→ **Brief**
For the full listing below, write out each entry exactly and exclude the images.

→ **Supplied records**

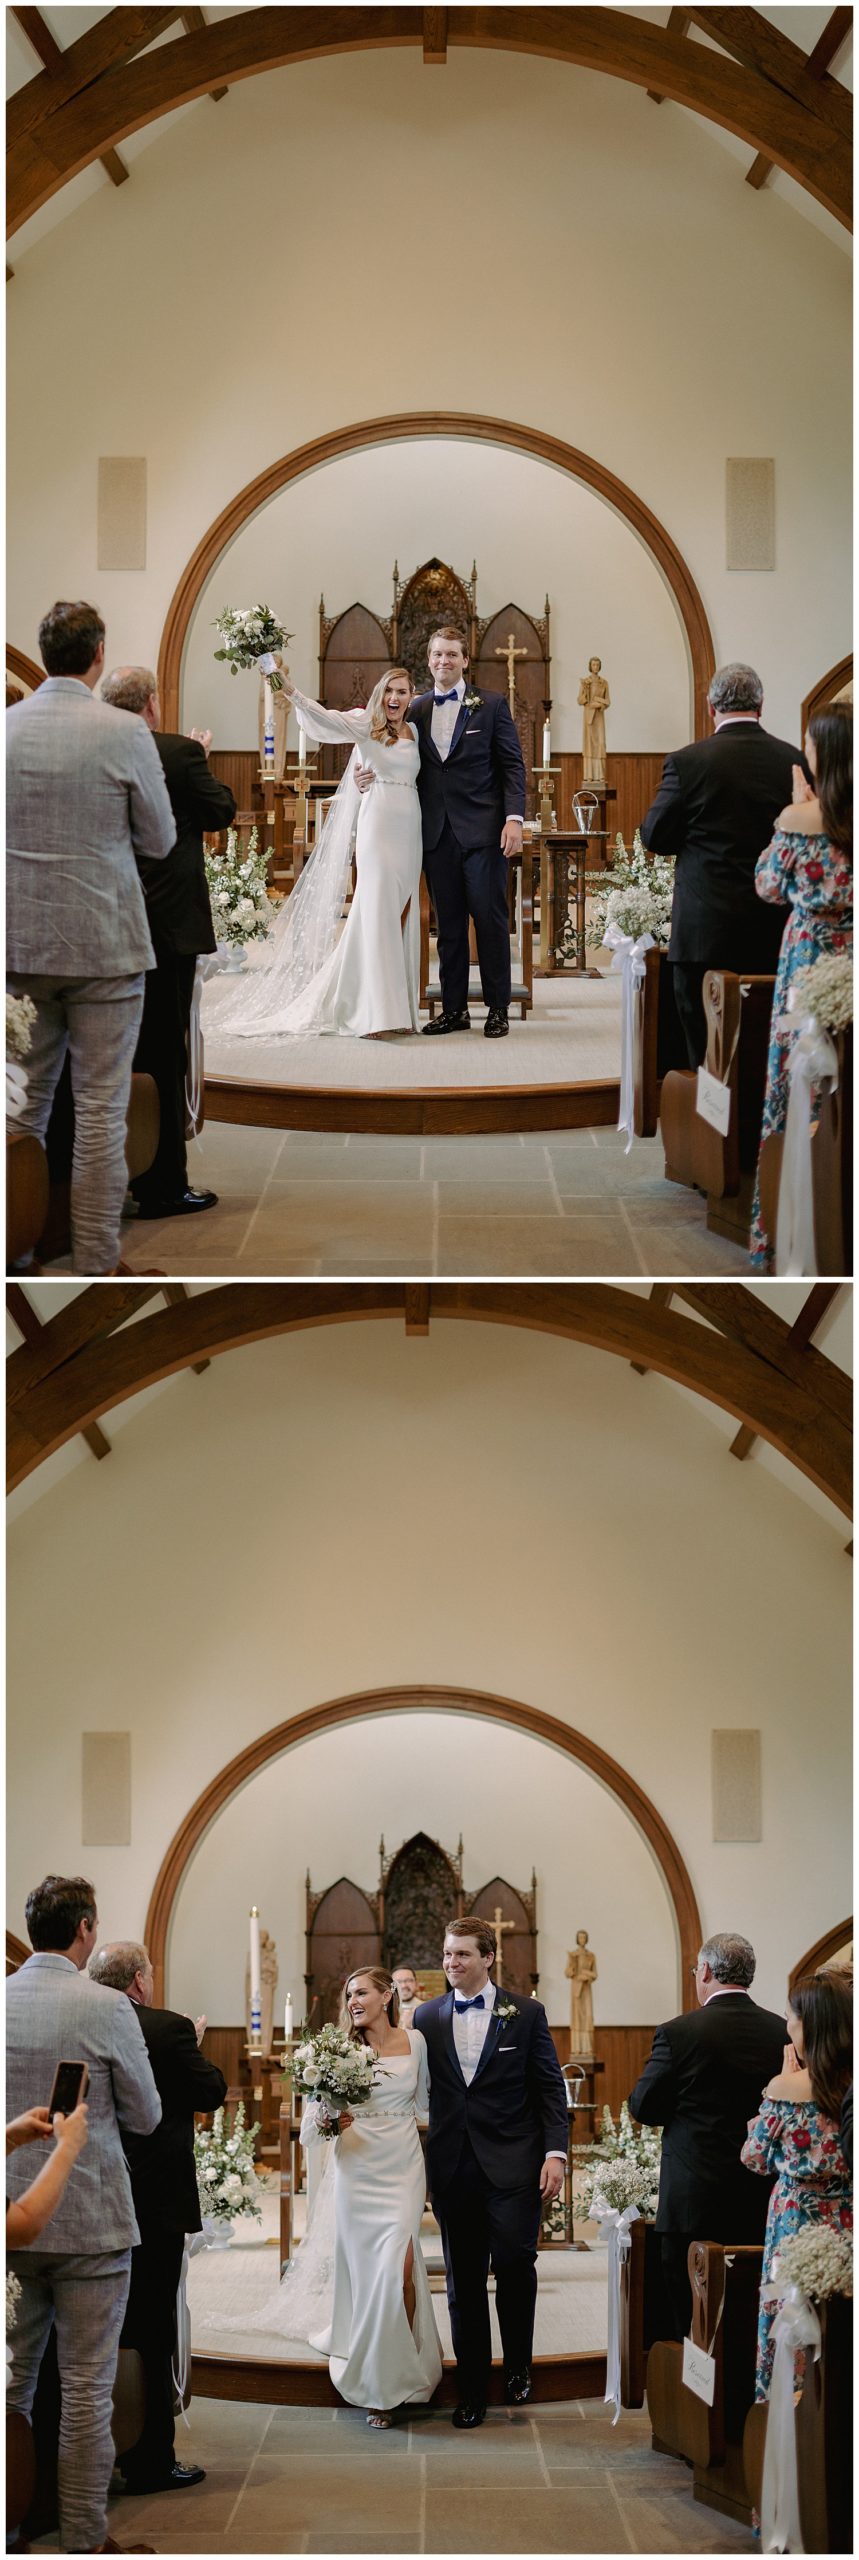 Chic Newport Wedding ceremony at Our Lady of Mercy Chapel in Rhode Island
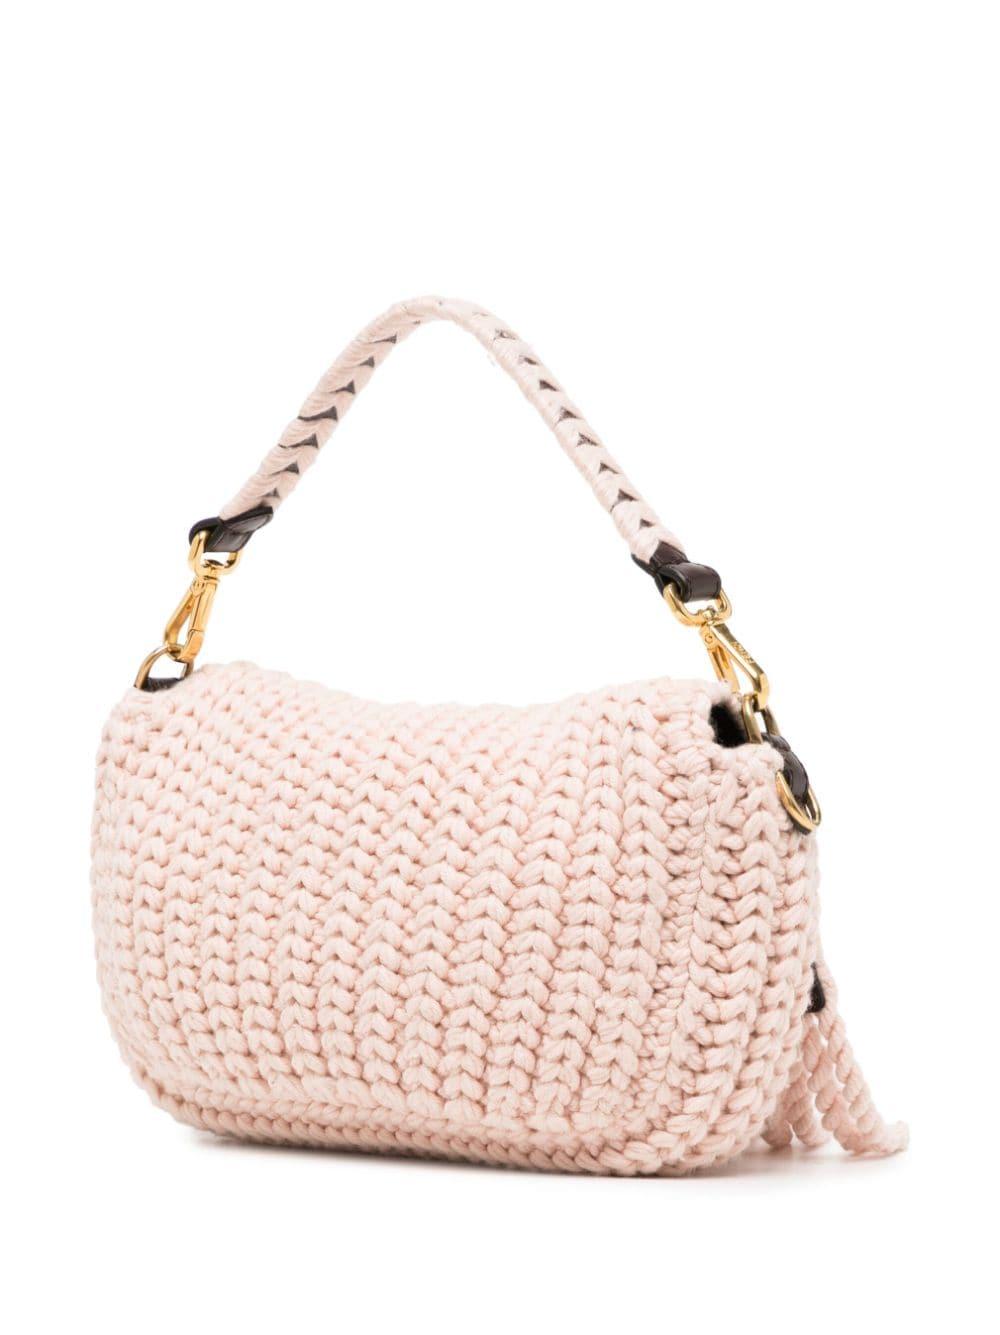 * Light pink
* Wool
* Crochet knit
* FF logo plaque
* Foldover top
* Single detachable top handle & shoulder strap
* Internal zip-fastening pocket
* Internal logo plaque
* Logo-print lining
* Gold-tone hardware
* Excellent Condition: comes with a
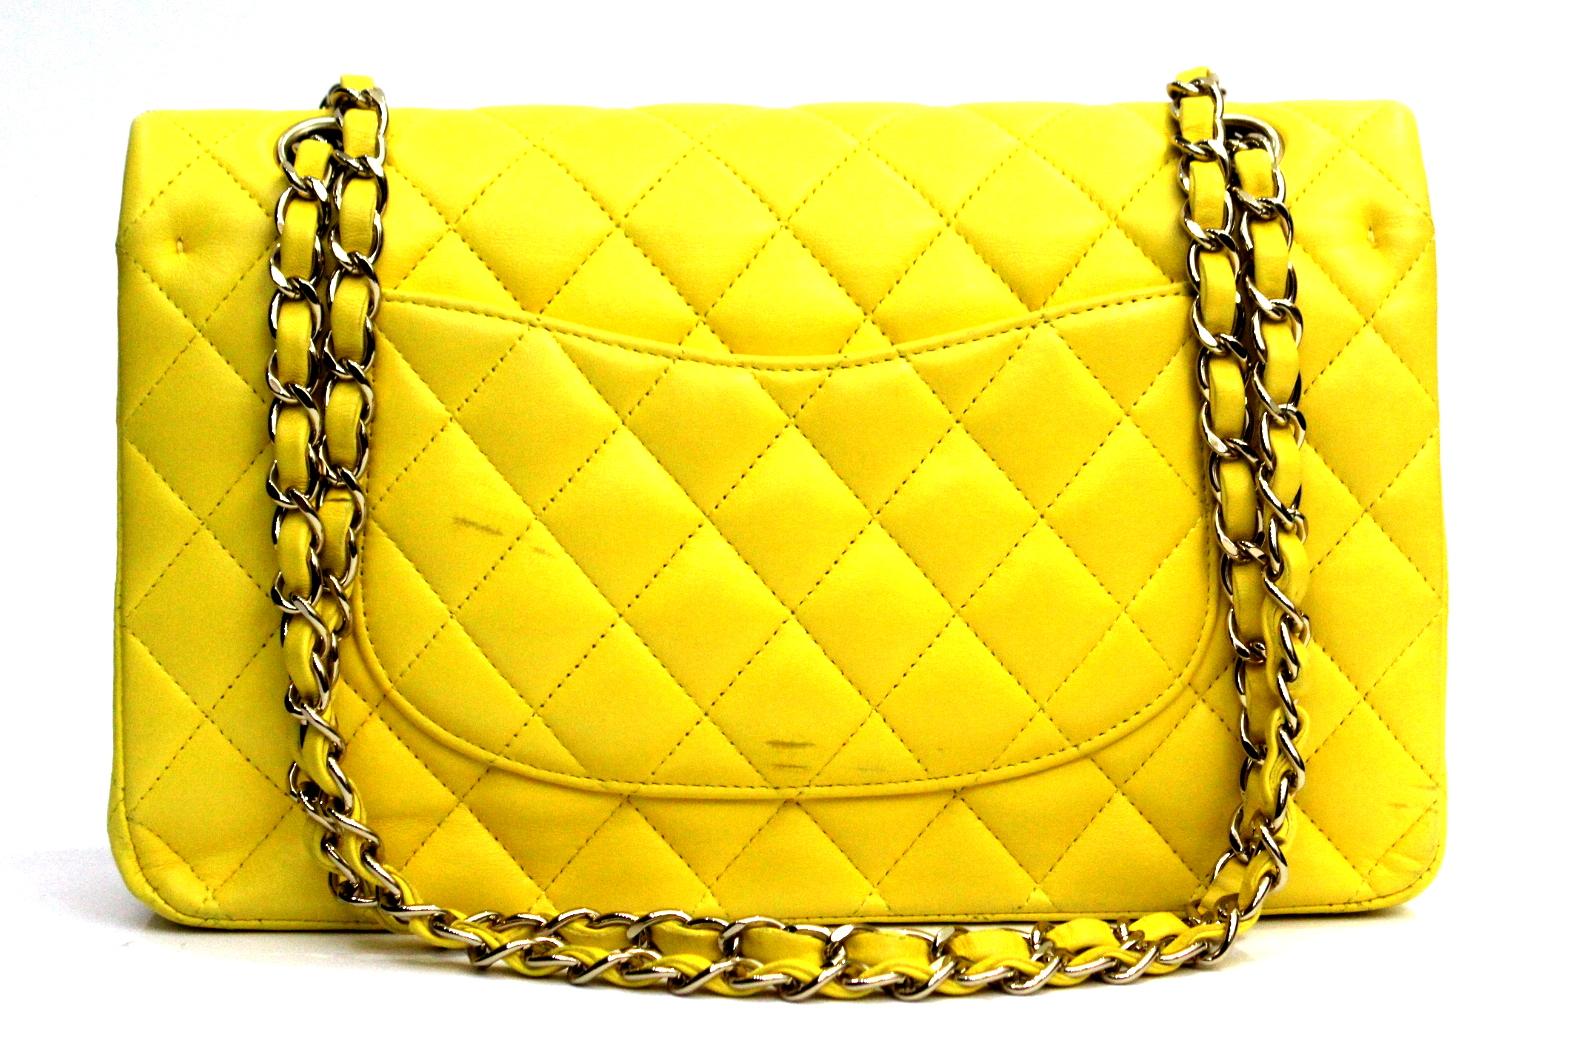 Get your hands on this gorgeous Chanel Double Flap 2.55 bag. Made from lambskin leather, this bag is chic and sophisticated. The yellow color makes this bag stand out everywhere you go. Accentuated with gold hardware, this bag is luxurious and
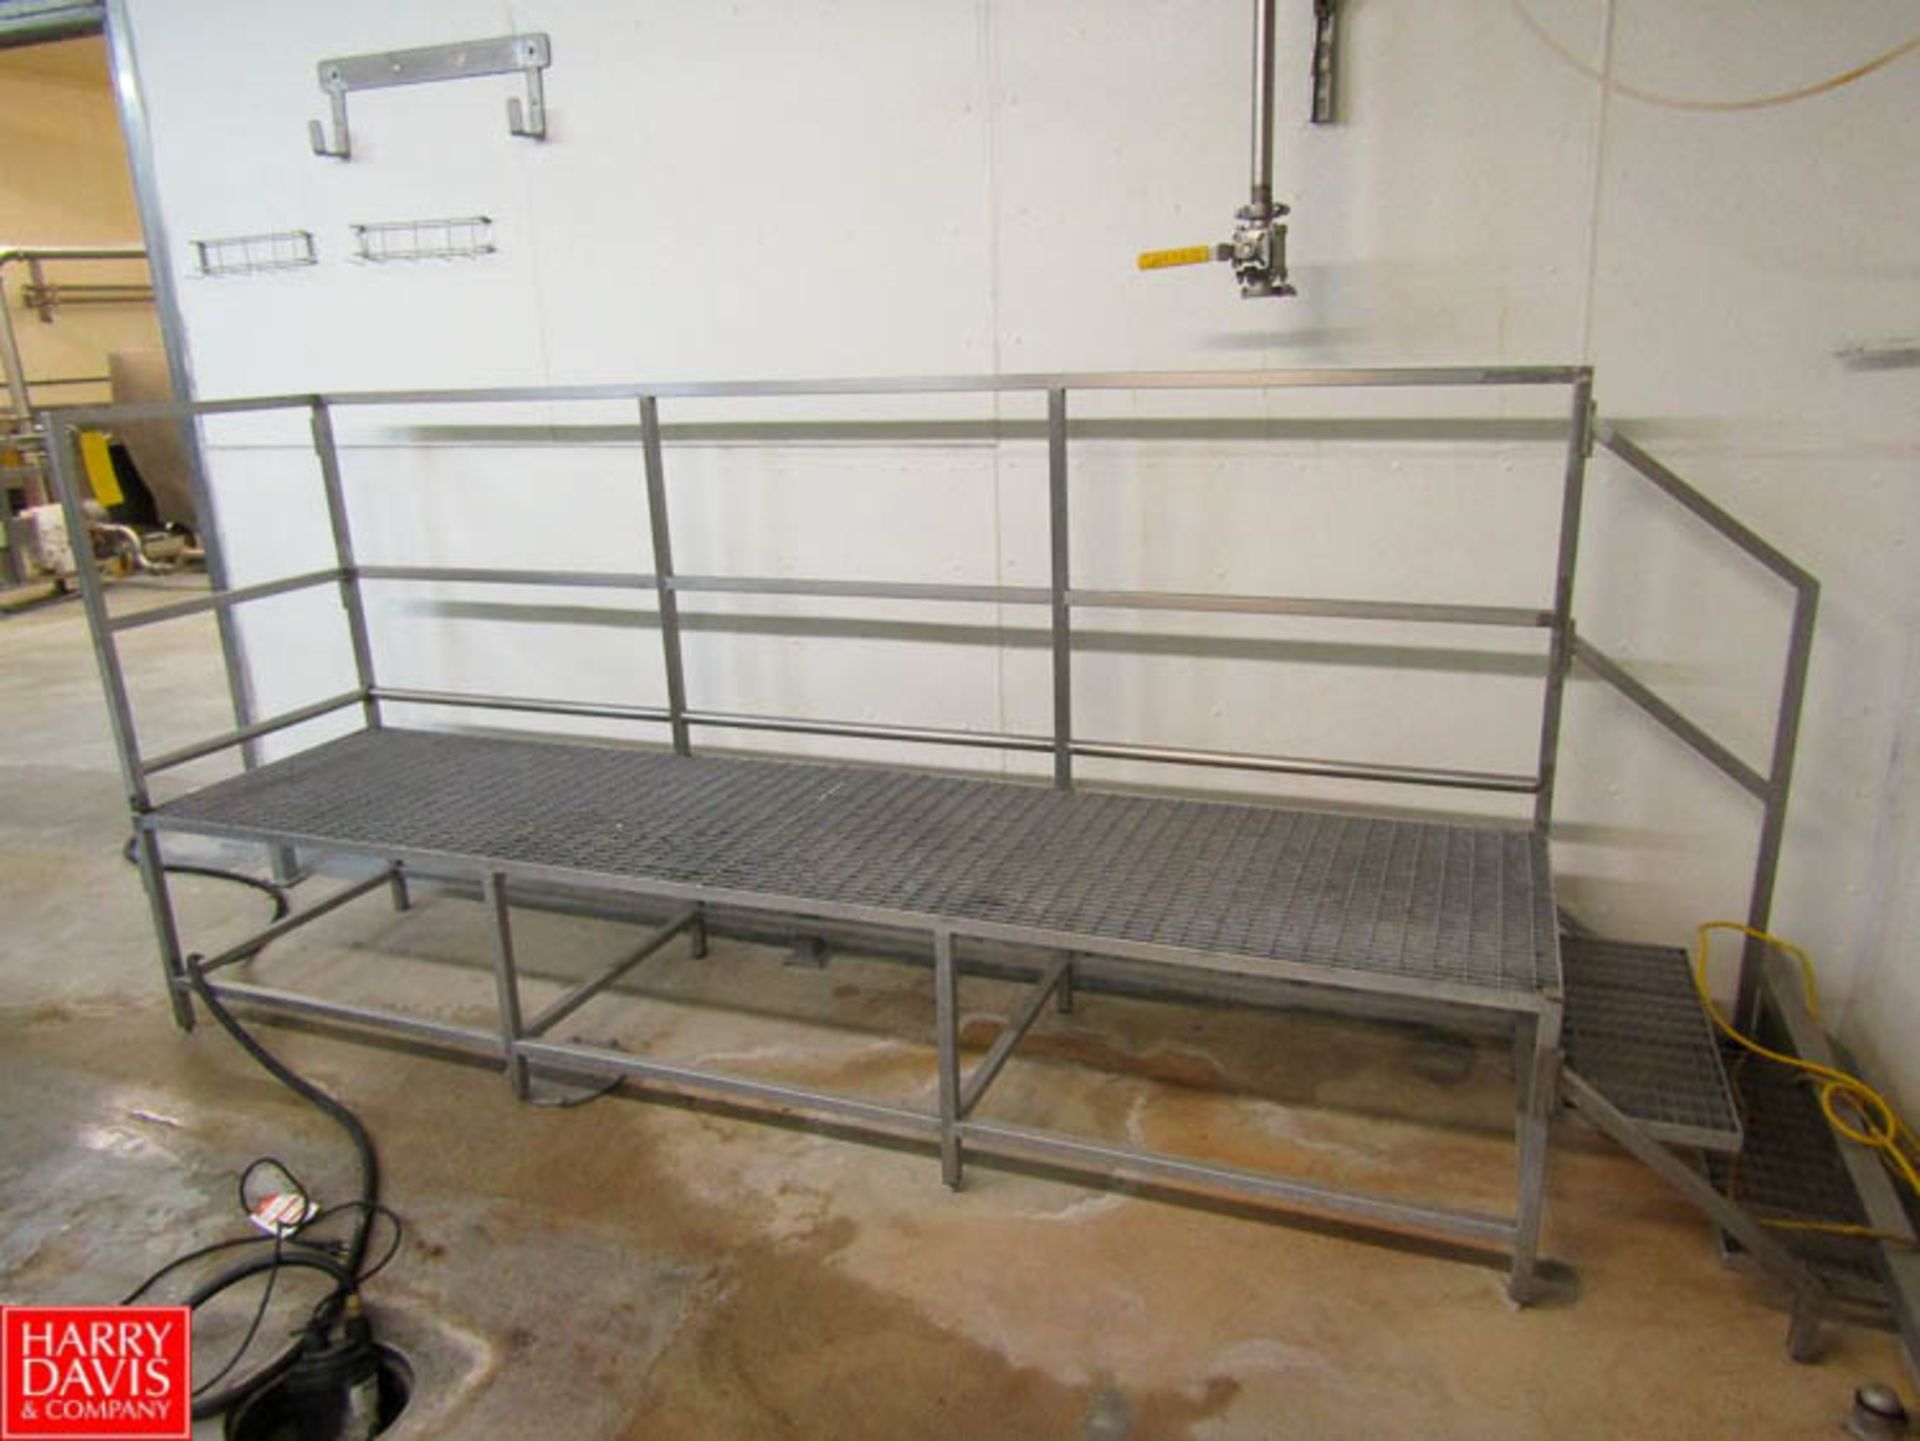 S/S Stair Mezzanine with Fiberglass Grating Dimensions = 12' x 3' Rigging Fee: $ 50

→ **Exercise answer**
 Chic Newport Wedding ceremony at Our Lady of Mercy Chapel in Rhode Island
 * Light pink
* Wool
* Crochet knit
* FF logo plaque
* Foldover top
* Single detachable top handle & shoulder strap
* Internal zip-fastening pocket
* Internal logo plaque
* Logo-print lining
* Gold-tone hardware
* Excellent Condition: comes with a
 Get your hands on this gorgeous Chanel Double Flap 2.55 bag. Made from lambskin leather, this bag is chic and sophisticated. The yellow color makes this bag stand out everywhere you go. Accentuated with gold hardware, this bag is luxurious and
 S/S Stair Mezzanine with Fiberglass Grating Dimensions = 12' x 3' Rigging Fee: $ 50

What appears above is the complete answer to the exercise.